Top of Records shown
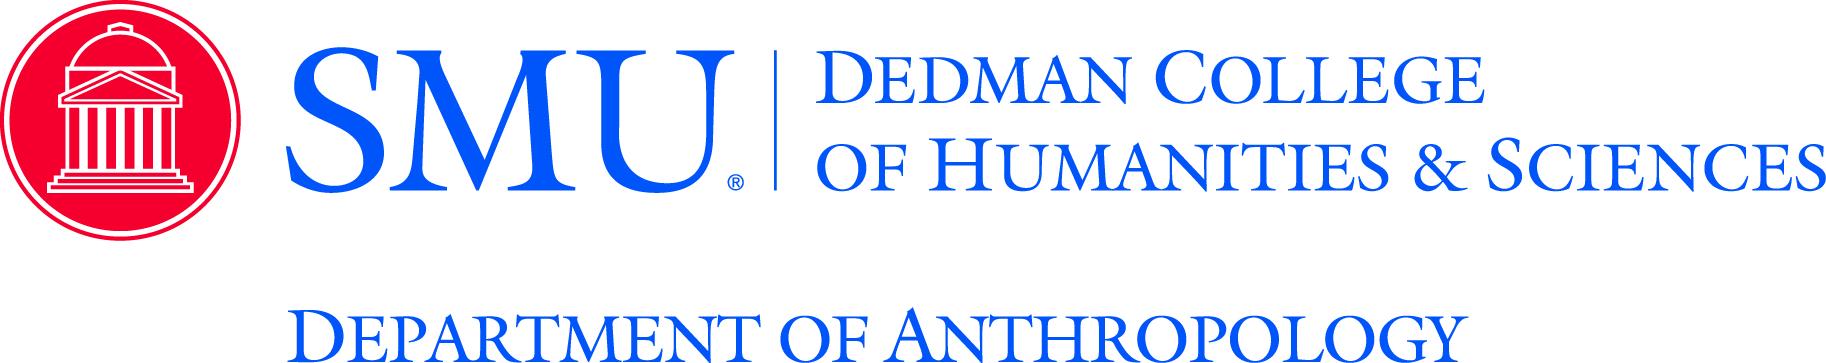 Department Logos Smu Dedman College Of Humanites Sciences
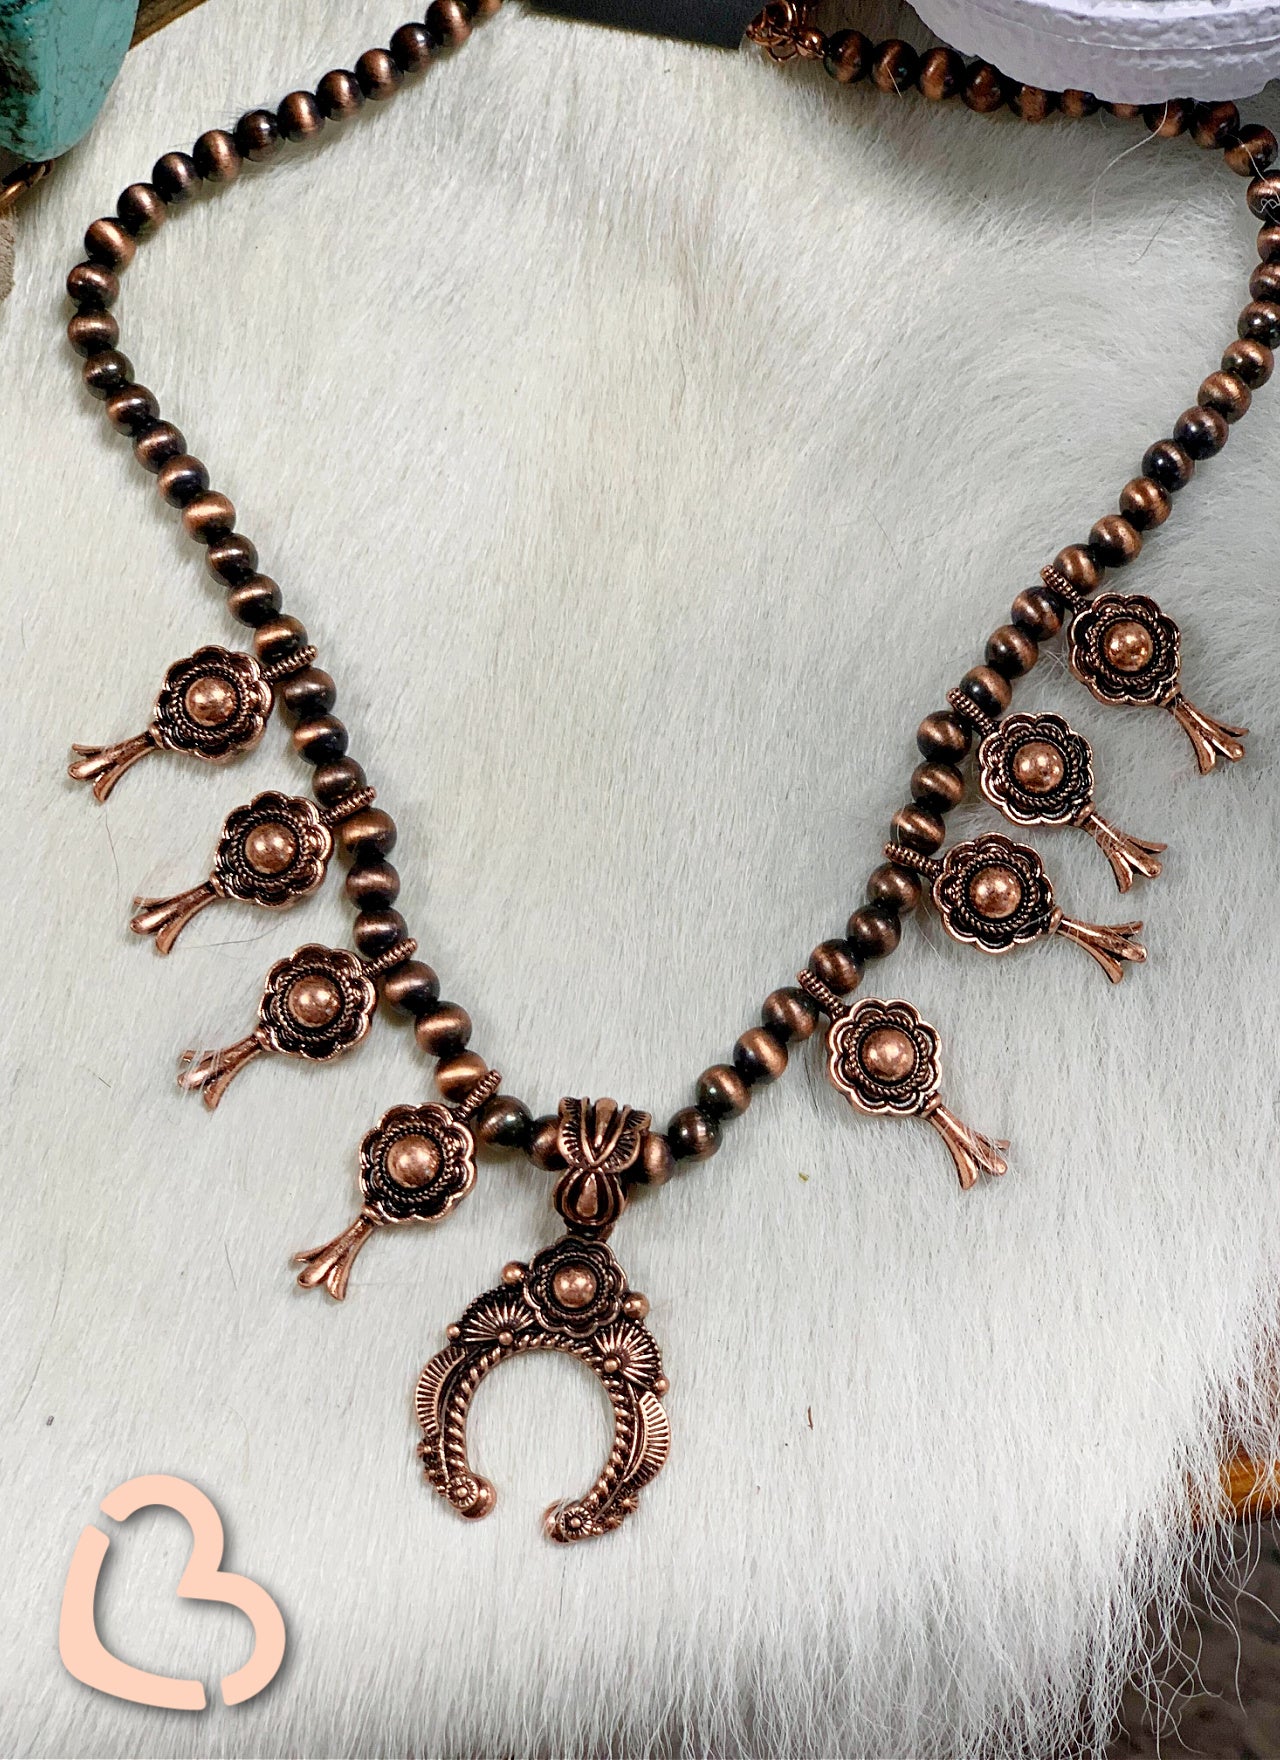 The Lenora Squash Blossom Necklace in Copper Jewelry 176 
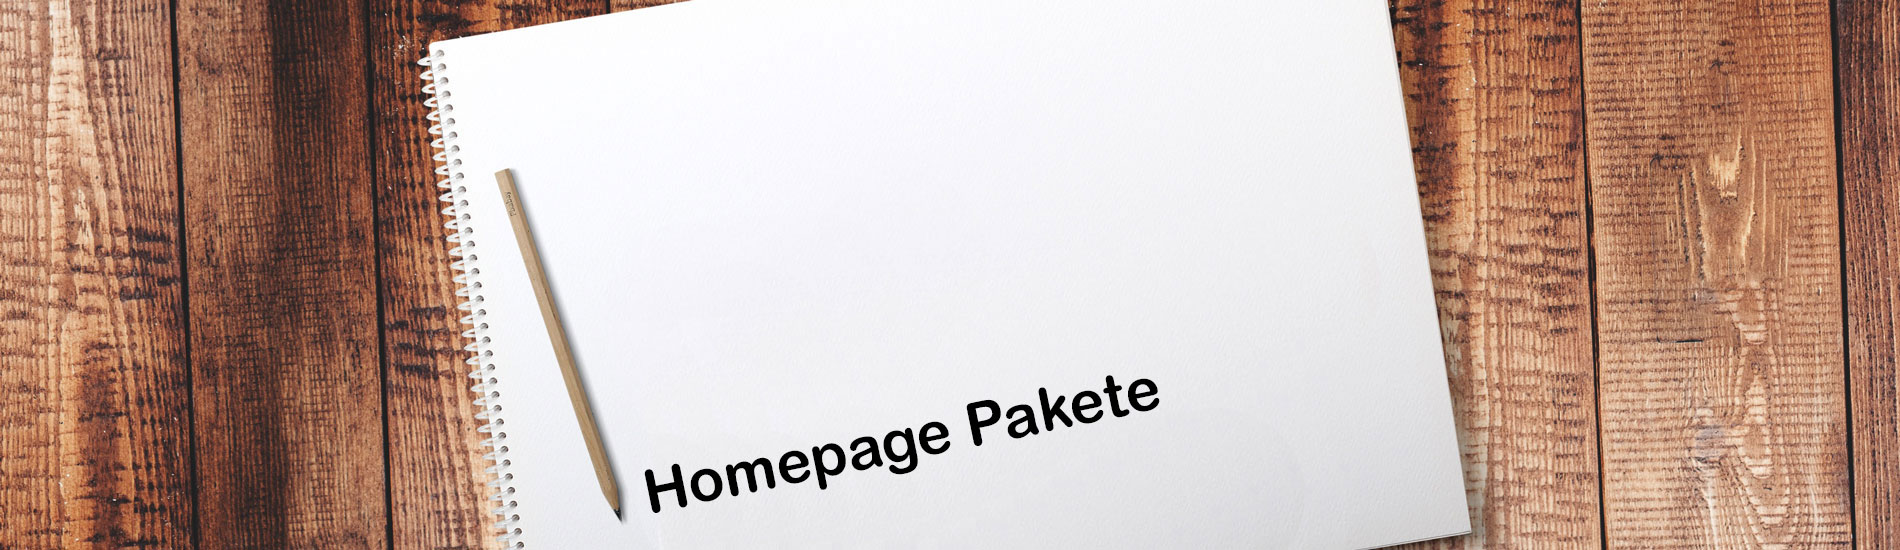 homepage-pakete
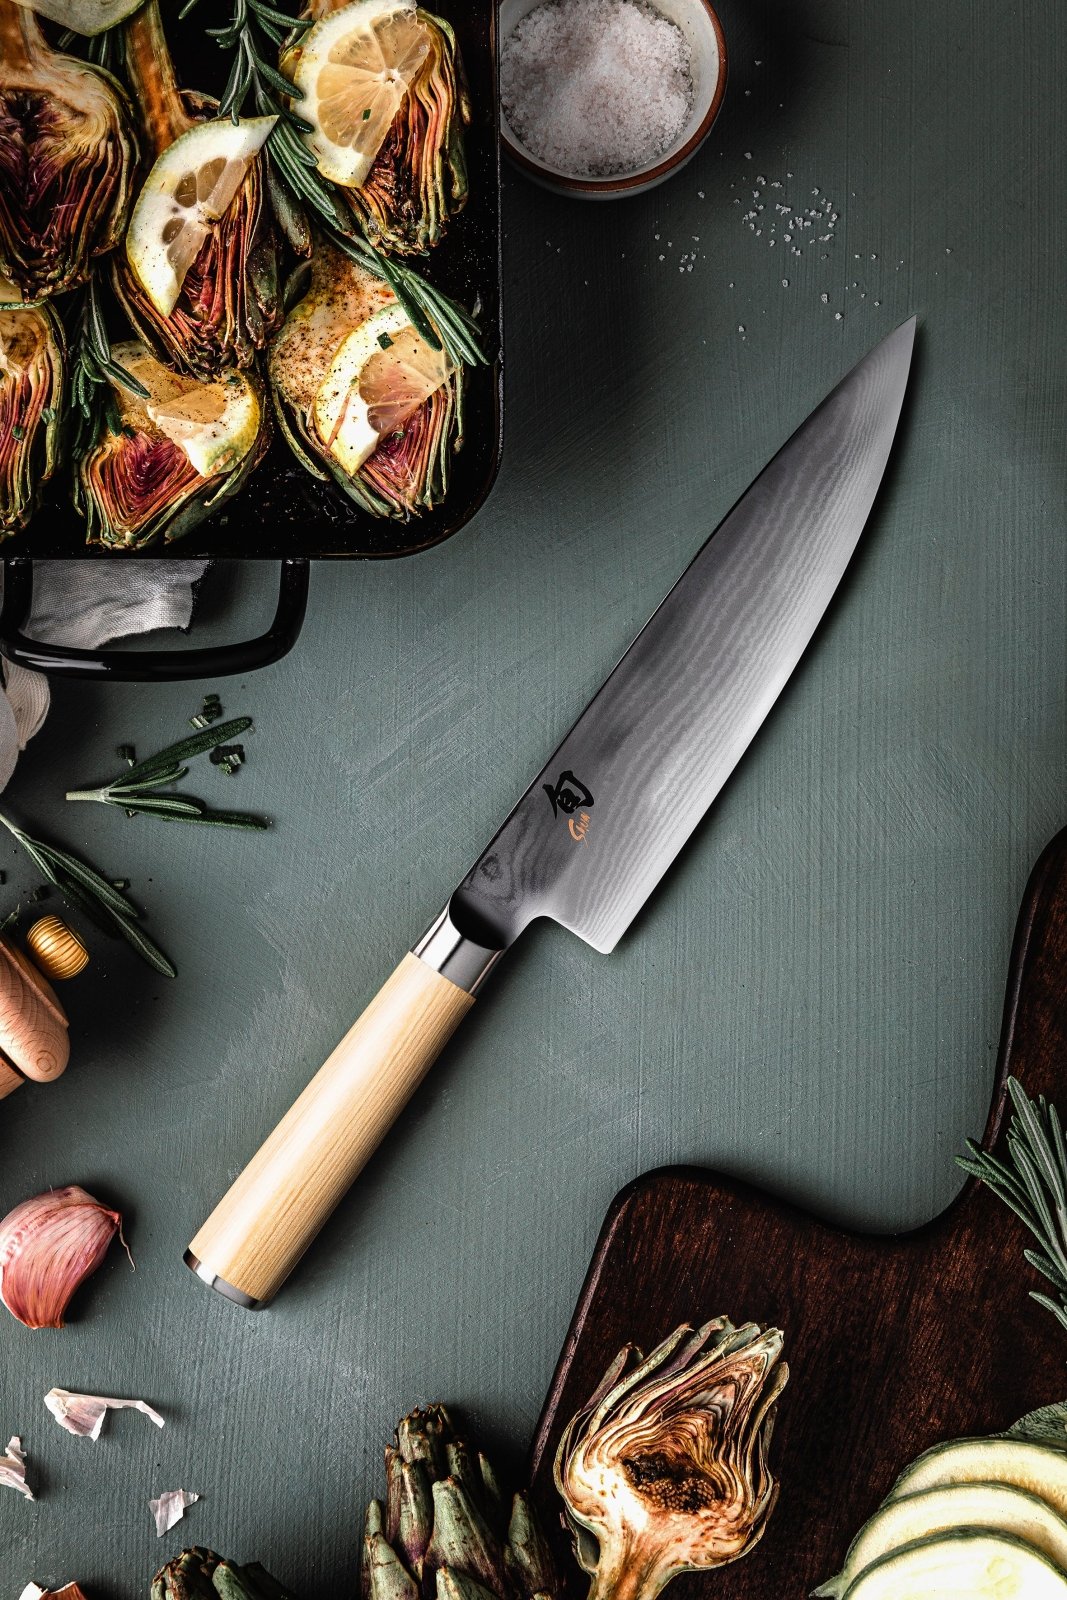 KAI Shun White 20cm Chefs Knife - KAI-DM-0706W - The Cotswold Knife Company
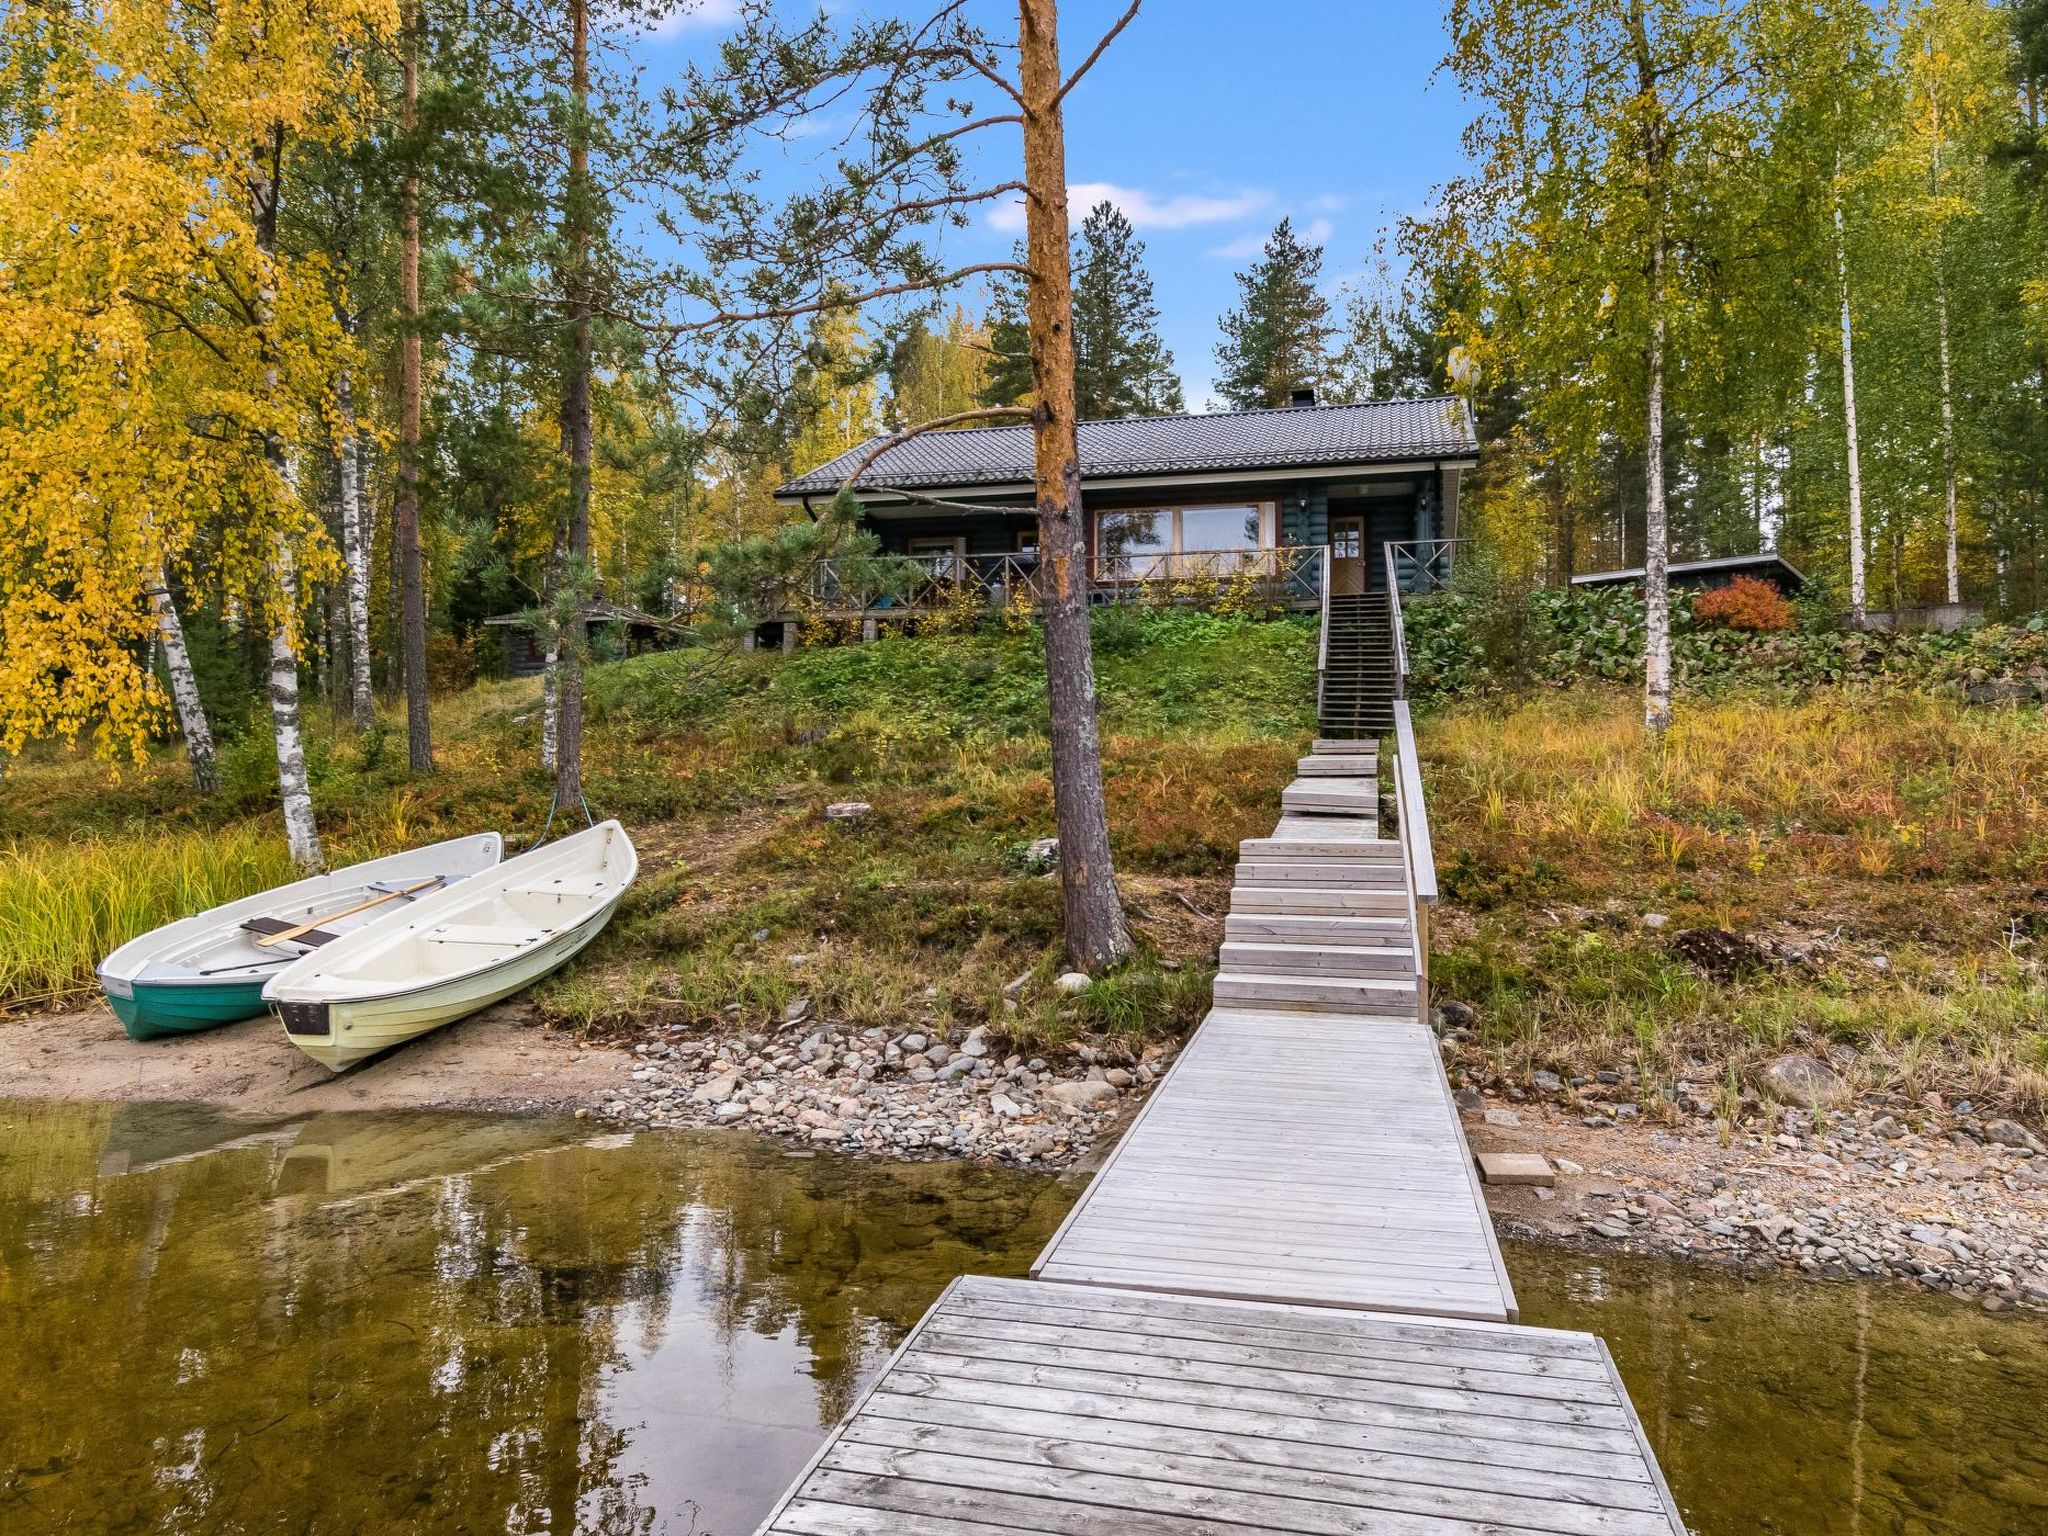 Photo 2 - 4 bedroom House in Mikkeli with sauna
Bottom of Records shown
_Assigned task_
Take the line that contains "KAI Shun White" and every line after it up to the end of the records above, and restate them exactly, without the pictures.

_Answer box_
 KAI Shun White 20cm Chefs Knife - KAI-DM-0706W - The Cotswold Knife Company
 Photo 2 - 4 bedroom House in Mikkeli with sauna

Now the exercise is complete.